In a recent EAB Blog, researcher Katie Langford outlined the significant Trump-era modifications to Title IX and the potential updates from the Biden administration. The U.S. Education Department released its proposed changes on June 23rd, including reversals of many policies enacted by the previous administration. The new rules emphasize the importance of protecting victims of sexual harassment and discrimination and creating environments to easily report misconduct. The proposed updates are now open for a 60-day public comment and review period, and the date they will go into effect is still uncertain.

EAB has compiled a guide of the most impactful proposed changes to further our existing cheat-sheet and outline what this could mean for your policies.

Proposal Highlights

  1. Re-instate the Obama-era definition of sexual harassment, including “harassment based on sex, sexual orientation, gender identity, pregnancy, or any created hostile environment.” This definition expands protection to LGBTQ students who tend to suffer more harassment in comparison to other students.
  2. In-person, cross-examination hearings are permitted but no longer required for campus investigations. Further, institutions must complete these cases in a “prompt timeline.” Informal resolution of an incident without the submission of a formal complaint is allowed.
  3. Institutions must investigate incidents which occur at education programs off campus, including out of the country (e.g., study abroad).
  4. Employees at colleges operating an education program (i.e., anyone with teaching or advising responsibilities) with knowledge of an instance of misconduct must report it. Additionally, other faculty and staff members must provide students with the contact information of the campus’s Title IX coordinator if they are not designated as confidential resources.
  5. Students who leave an educational program due to an instance of discrimination may file a retroactive complaint.

The Conversation

Campus leaders are exhausted by the constant back-and-forth on Title IX, as each administration creates dissonant regulations and expect immediate follow-through on campuses. Given President Biden’s previous focus on campus sexual assault prevention during his vice presidency, the victim-focused propositions were expected. As the changes would make reporting incidents less prescriptive, institutions could consolidate procedures and make them less confusing for students, encouraging them to engage with their Title IX representatives. Survivor-advocacy groups are celebrating the proposed updates, stating that the DeVos-era rulings discouraged students from reporting cases of violence and often let offenders free.

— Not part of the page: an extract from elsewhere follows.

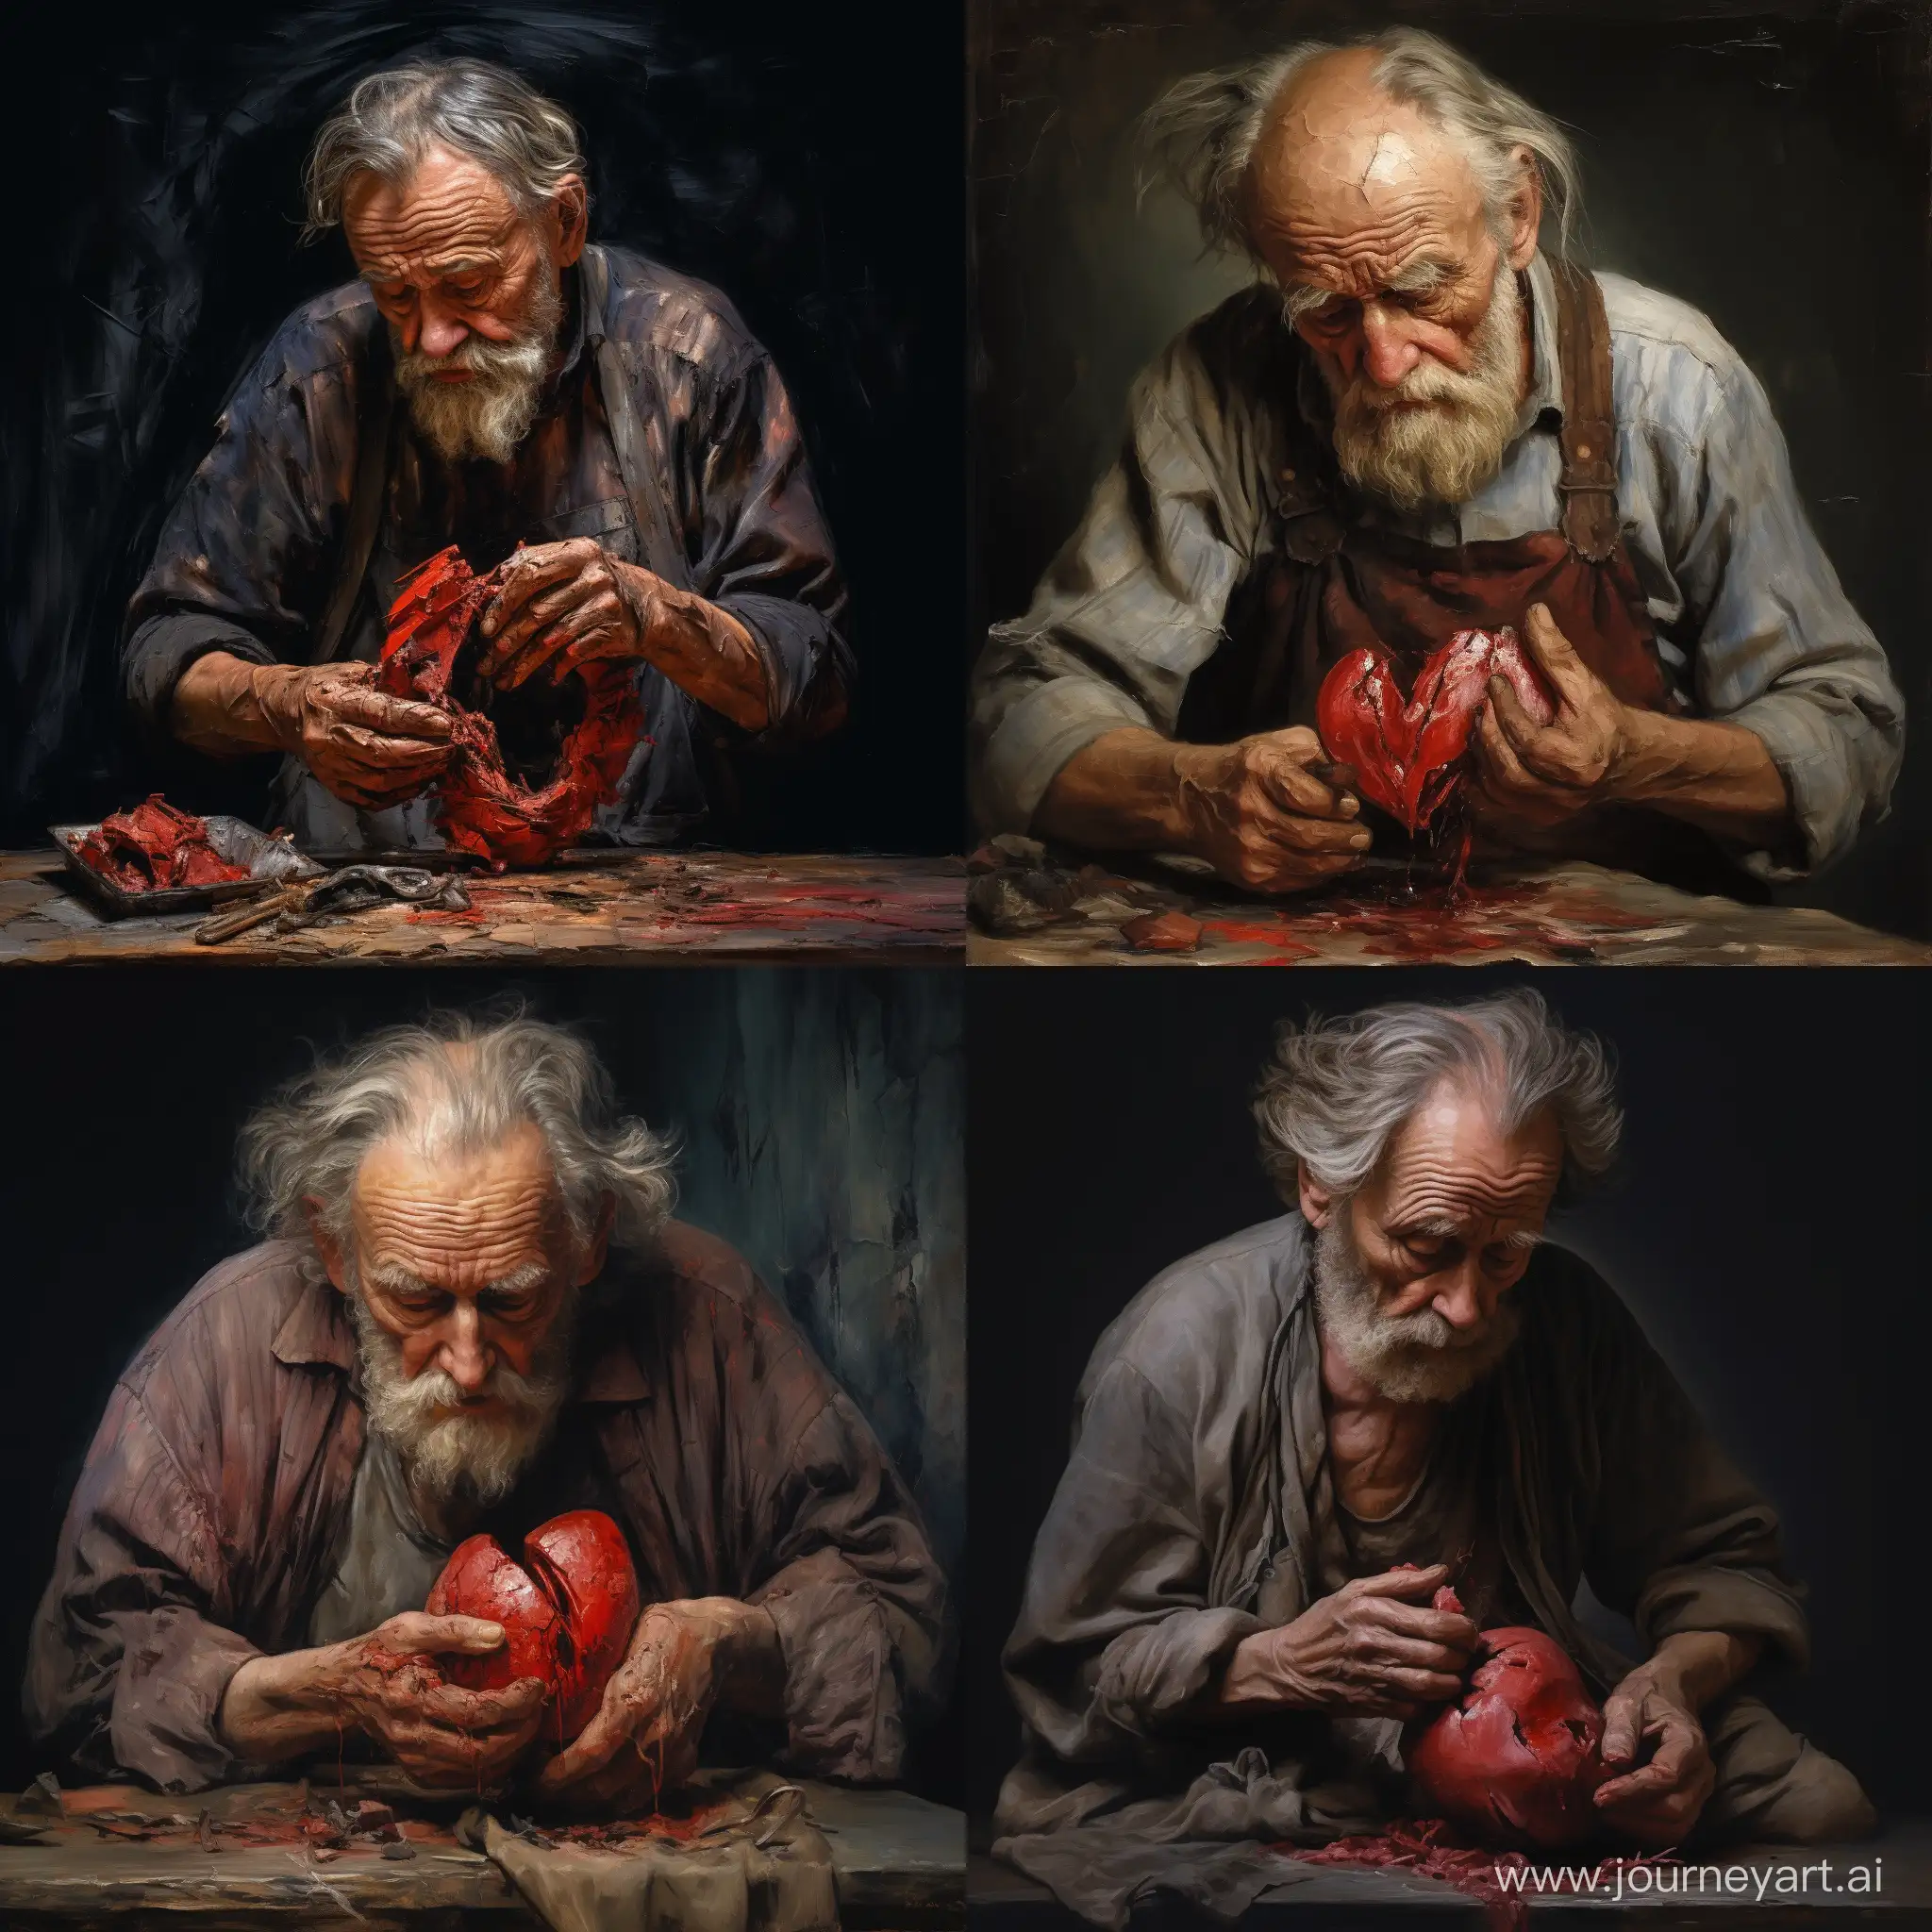 Elderly-Artisan-Mends-A-Fractured-Heart-Emotional-Oil-Painting-in-Rubens-Style

Conversely, some have criticized the rules as they would strip students of important due process rights. Many civil liberties organizations, including the ACLU, support the bulk of the proposed regulations, as they ensure schools are “[safeguarding] students from sexual harassment and violence and guaranteeing fair process for students in school disciplinary proceedings.” However, these organizations have concerns, with ACLU representatives pointing out the proposed regulations deny students facing serious penalties in college disciplinary hearings important procedural rights, including live hearings and cross-examination. Although some consider the court-like campus hearings too legalistic, proponents believe it ensures fairness in a high-stakes situations.

What Universities Should Expect

Despite the 60-day public comment period, no one knows when these proposed changes may actually go into effect. For example, DeVos’s Department of Education released proposed regulations in 2018 that were not enacted until 2020. However, as these proposed changes are more flexible, Title IX experts believe it will be easier for schools to adopt the new regulations. The Biden administration may also choose to create a longer grace period for schools to implement the updates. Nevertheless, experts warn that the proposed changes may not survive neither a future administration nor the courts.

Courtney Bullard, a higher-education lawyer and expert on the Title IX compliance, summarized the problem with the constant changes well in an interview with The Chronicle. The everchanging political climate takes away from what is important in these scenarios: preventing discrimination and violence and responding well when they do.